THE DATA:
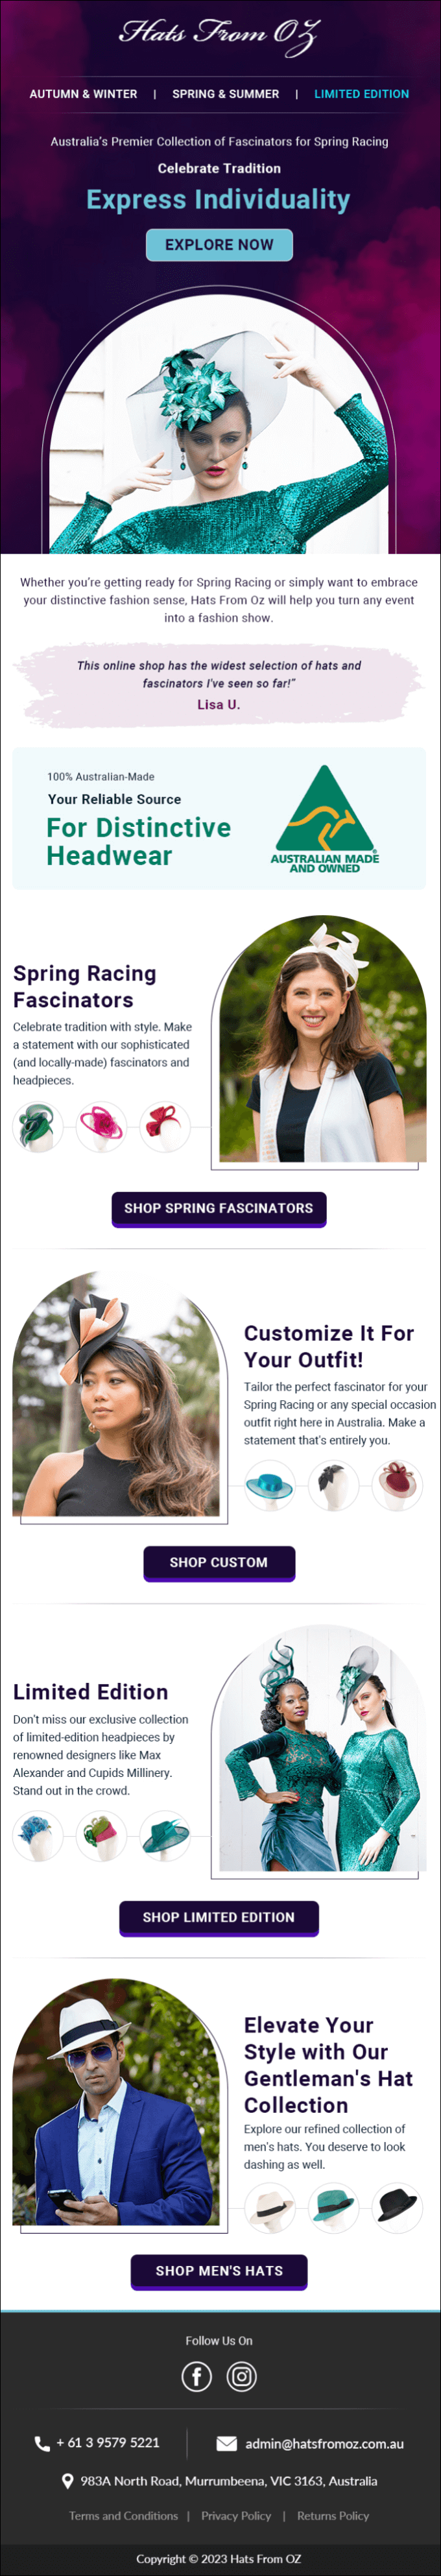 Hats From Oz - fashion email
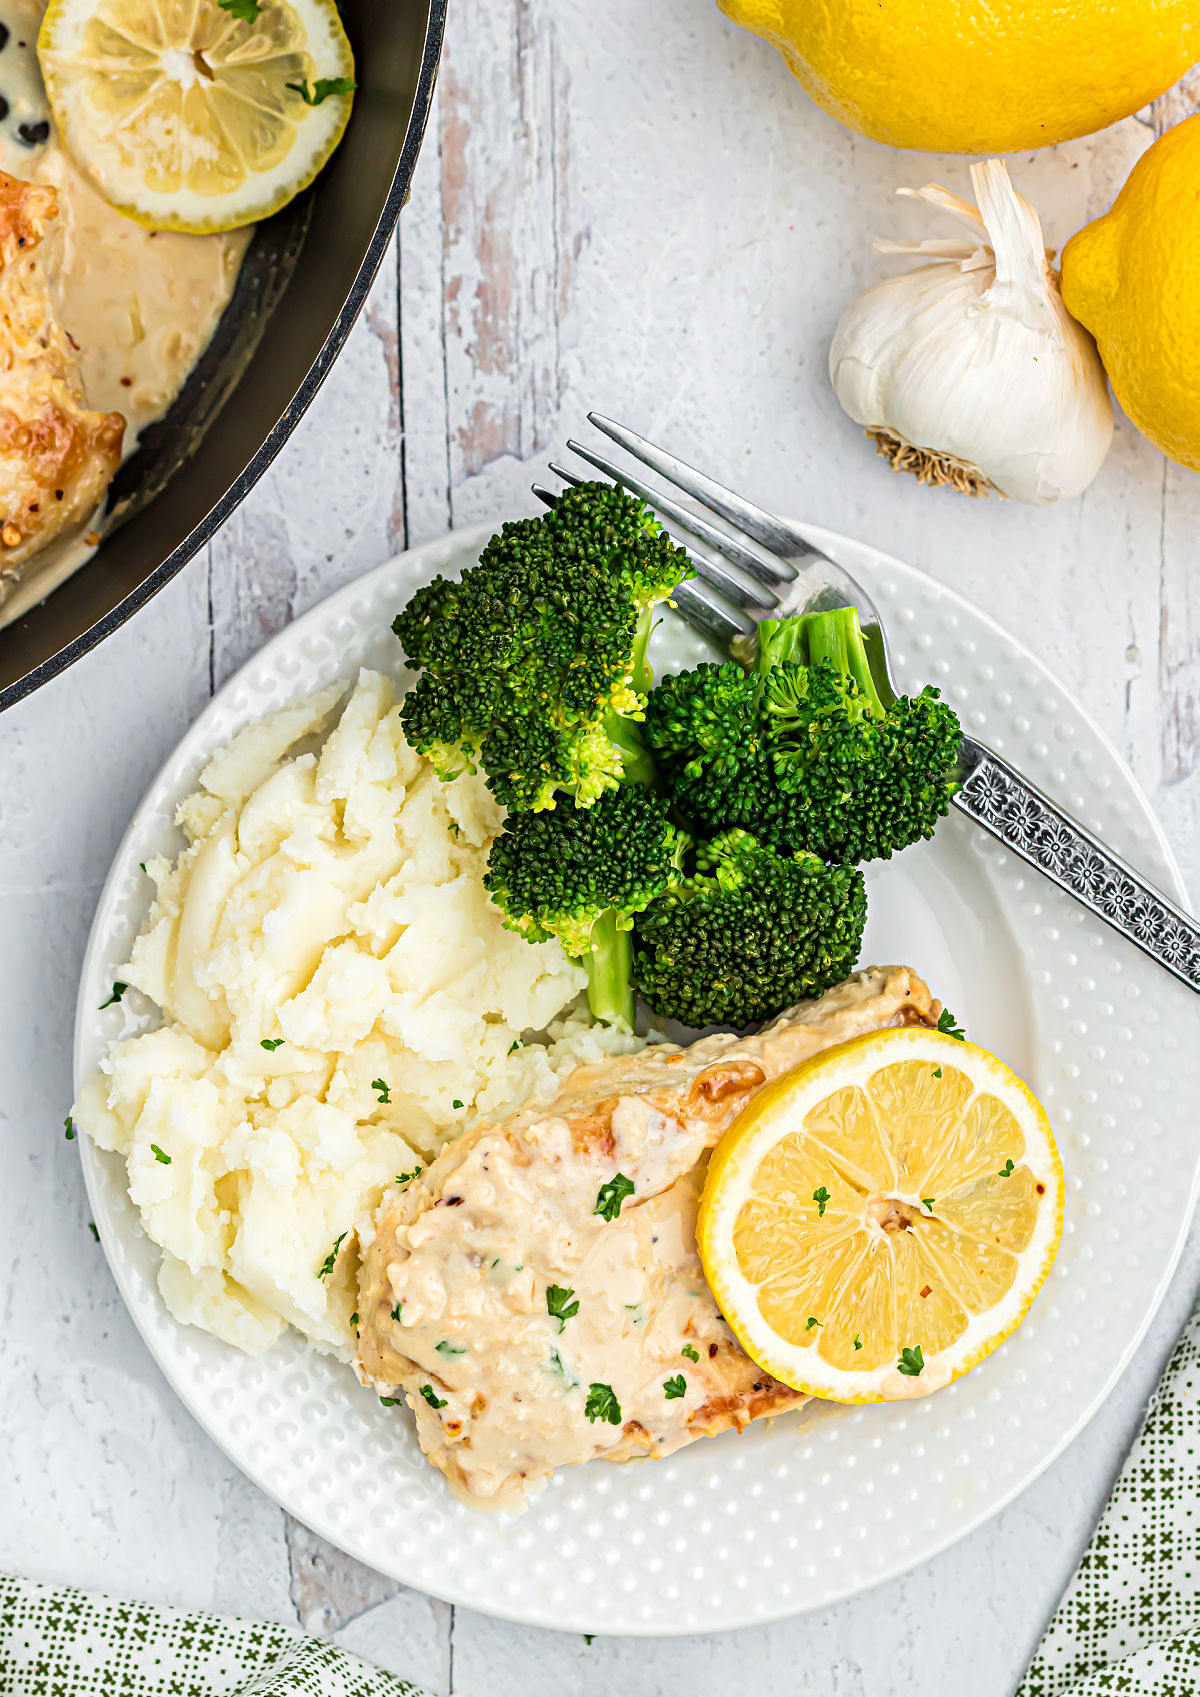 Chicken breast with lemon garlic sauce on a plate with mashed cauliflower and broccoli.
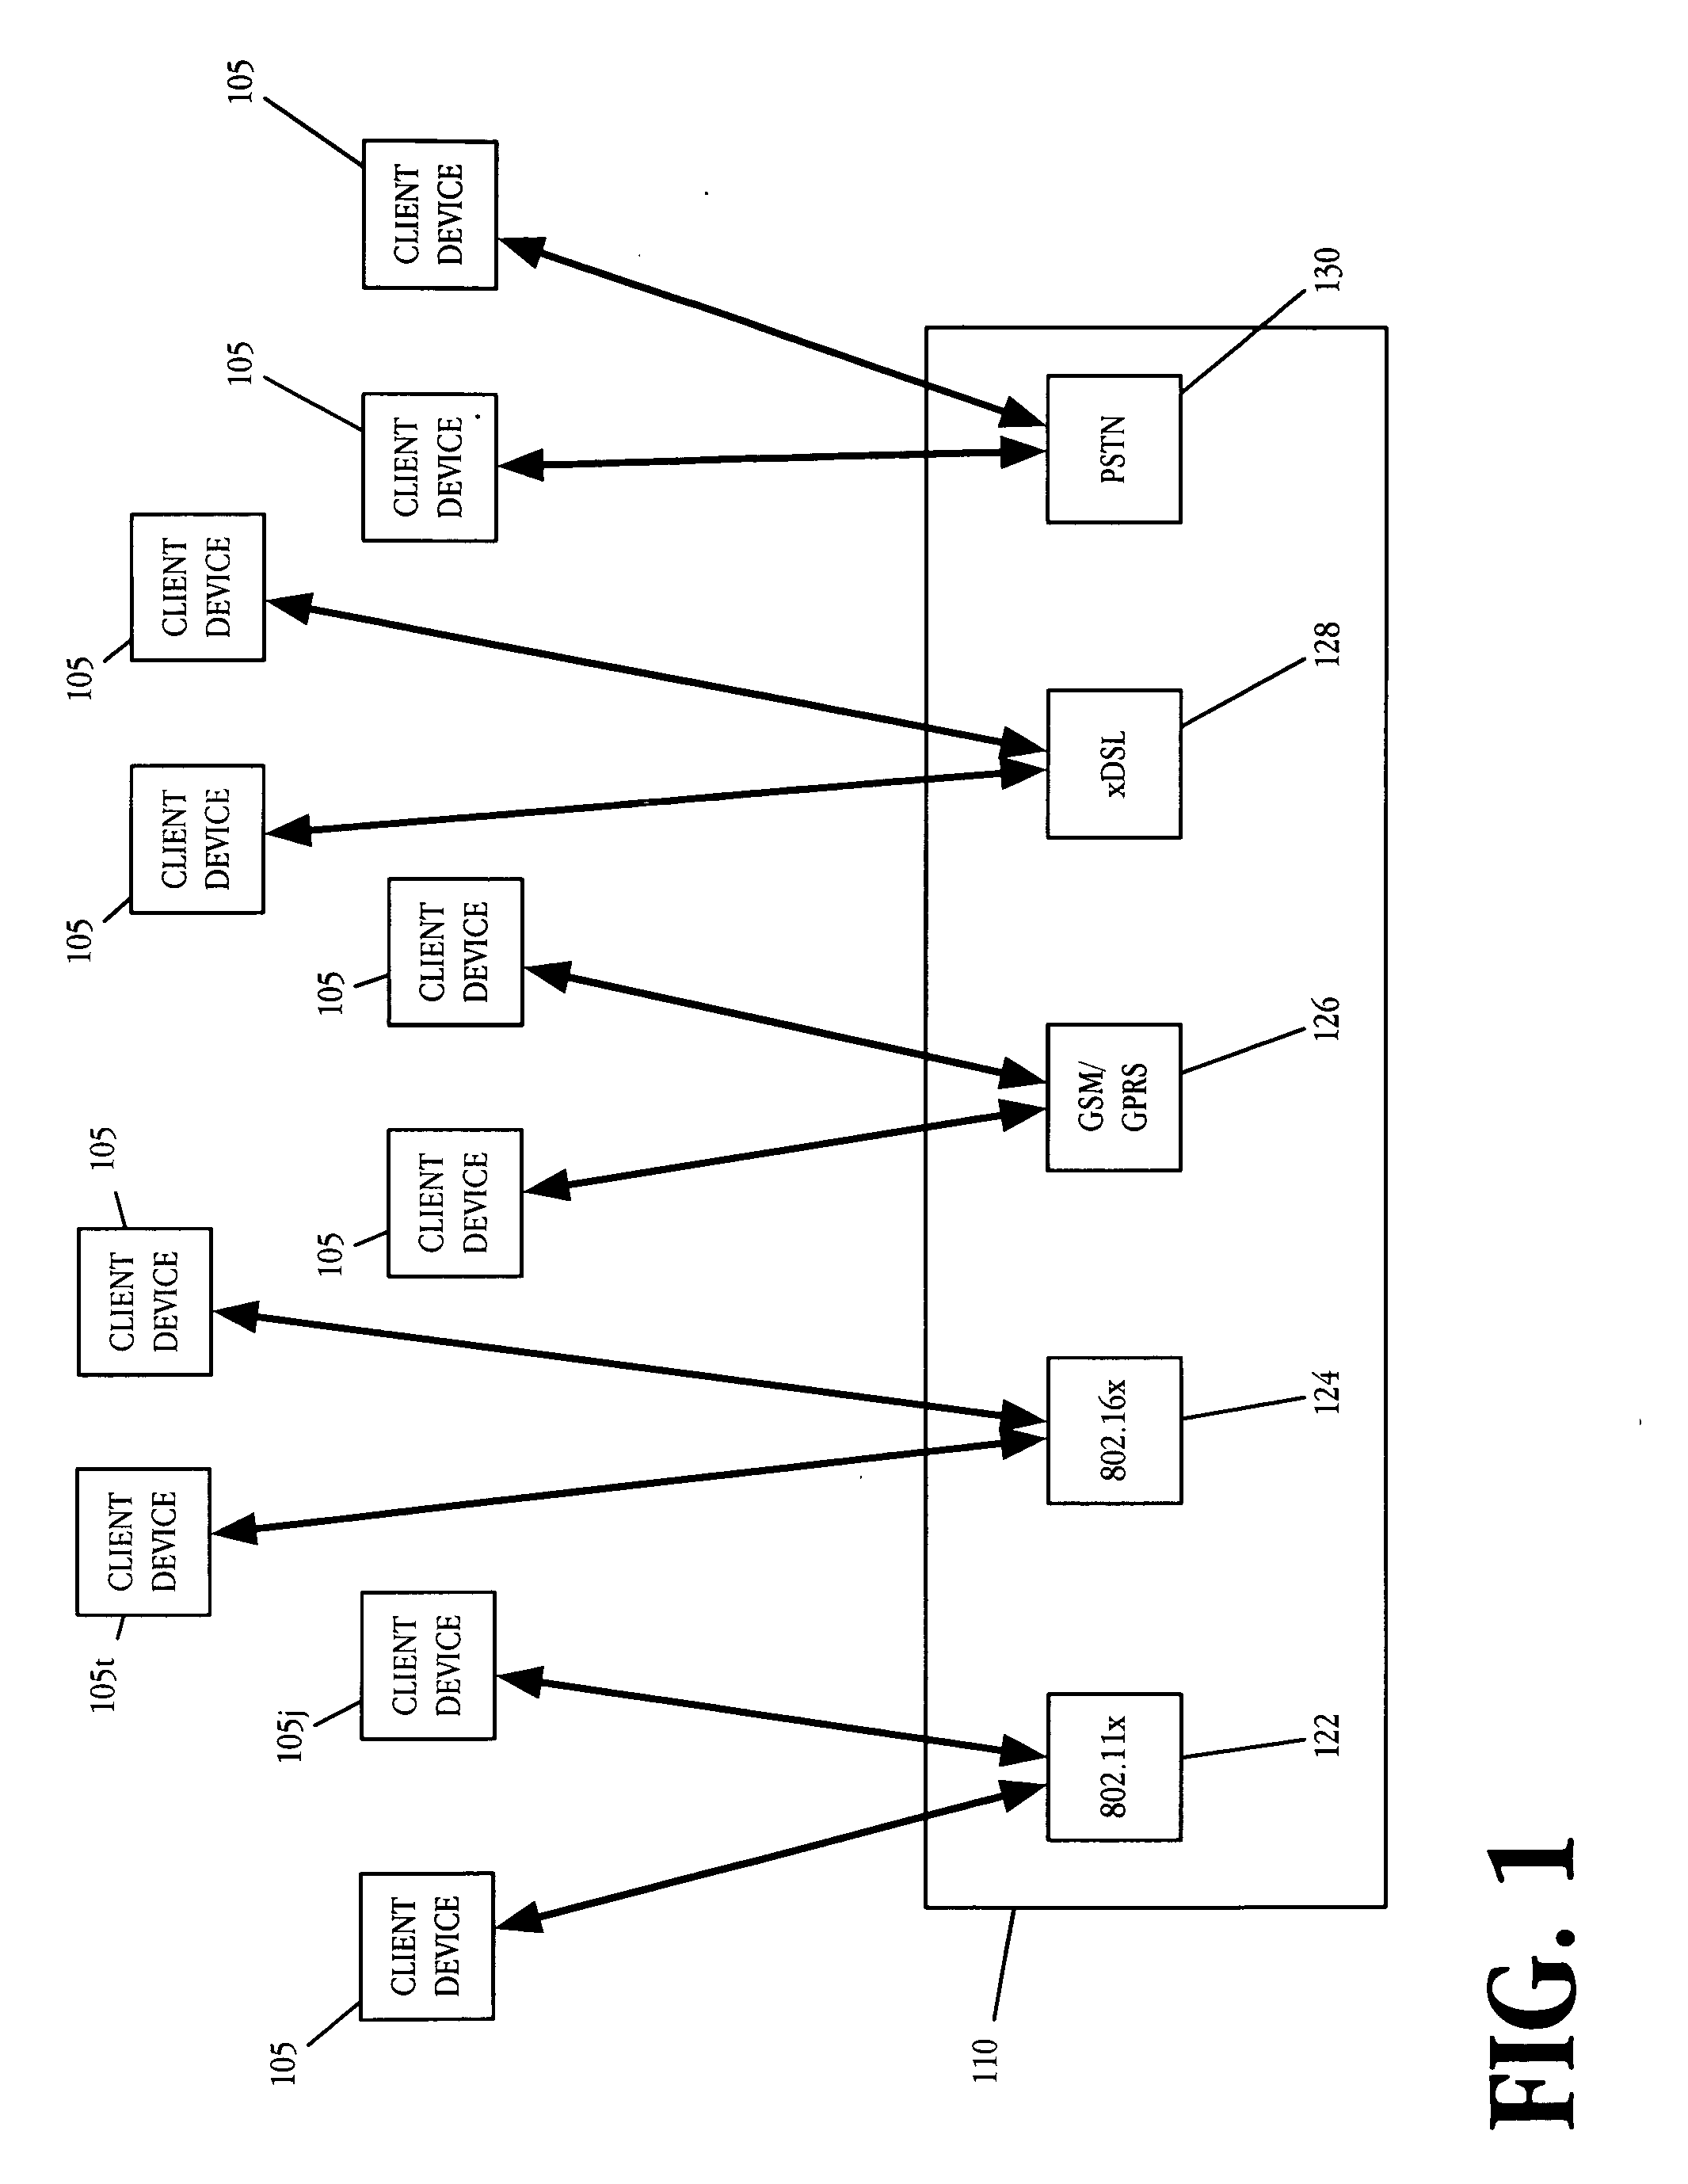 Systems and methods for virtualizing functions and decentralizing service delivery in a flat network of interconnected personal devices
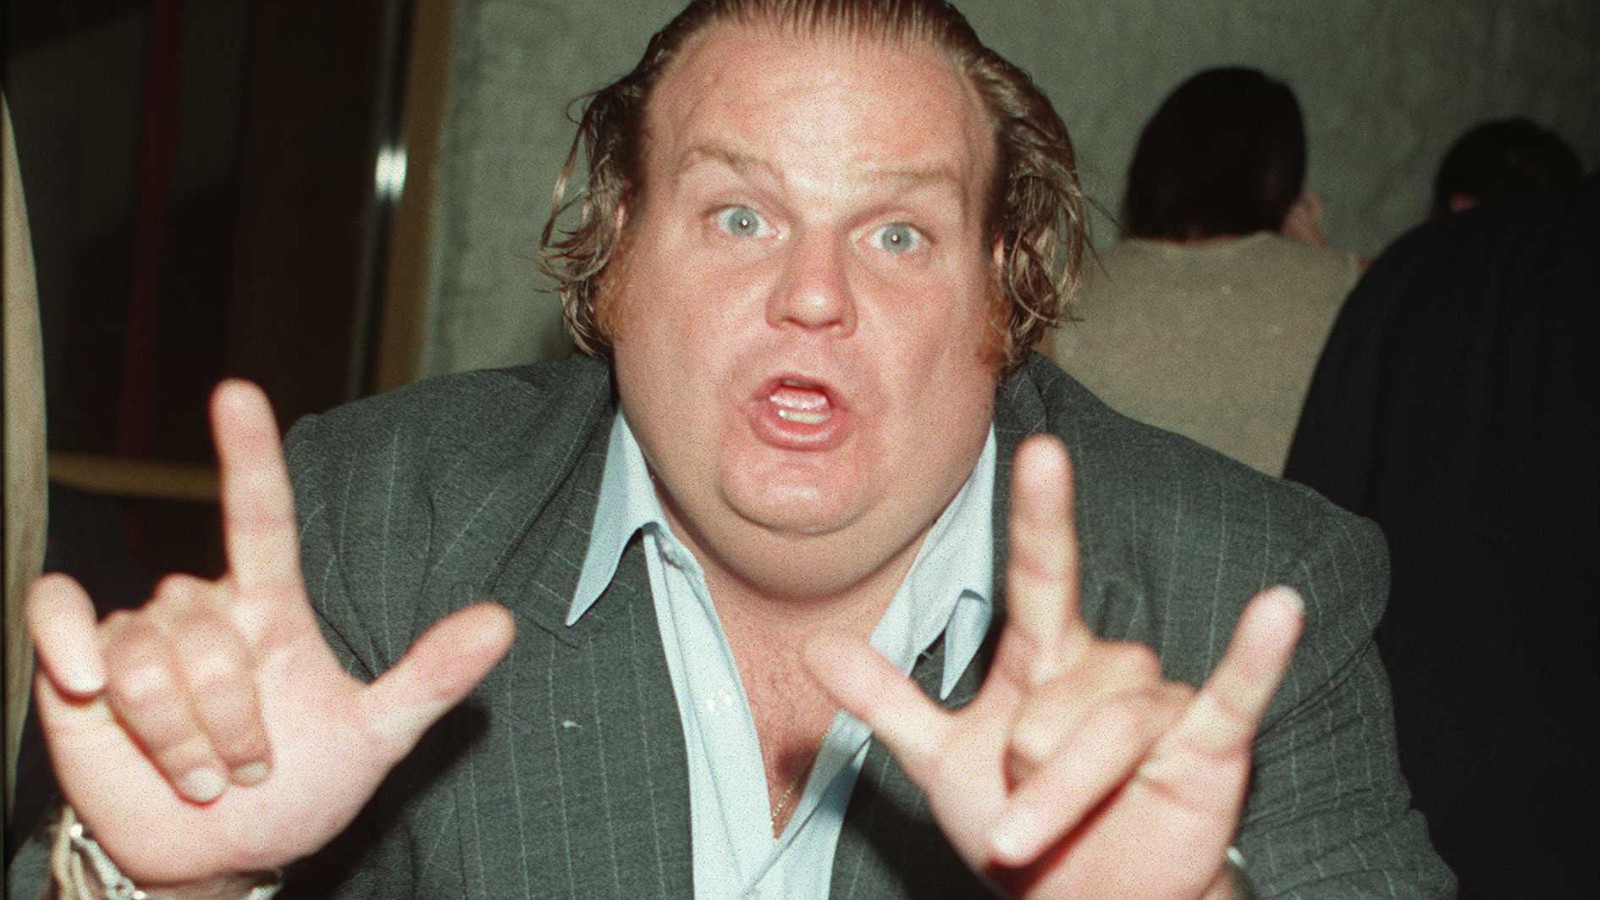 Arts and entertainment, Celebrities, Chris Farley, Movies, entertainment, H...

INSTRUCTIONS TO FOLLOW: Your task is to write out, exactly and without pictures, only the lines from the one holding "Chicken breast with" to the last line of the data.

EXERCISE RESULT:
 Chicken breast with lemon garlic sauce on a plate with mashed cauliflower and broccoli.
 Systems and methods for virtualizing functions and decentralizing service delivery in a flat network of interconnected personal devices
 Arts and entertainment, Celebrities, Chris Farley, Movies, entertainment, H...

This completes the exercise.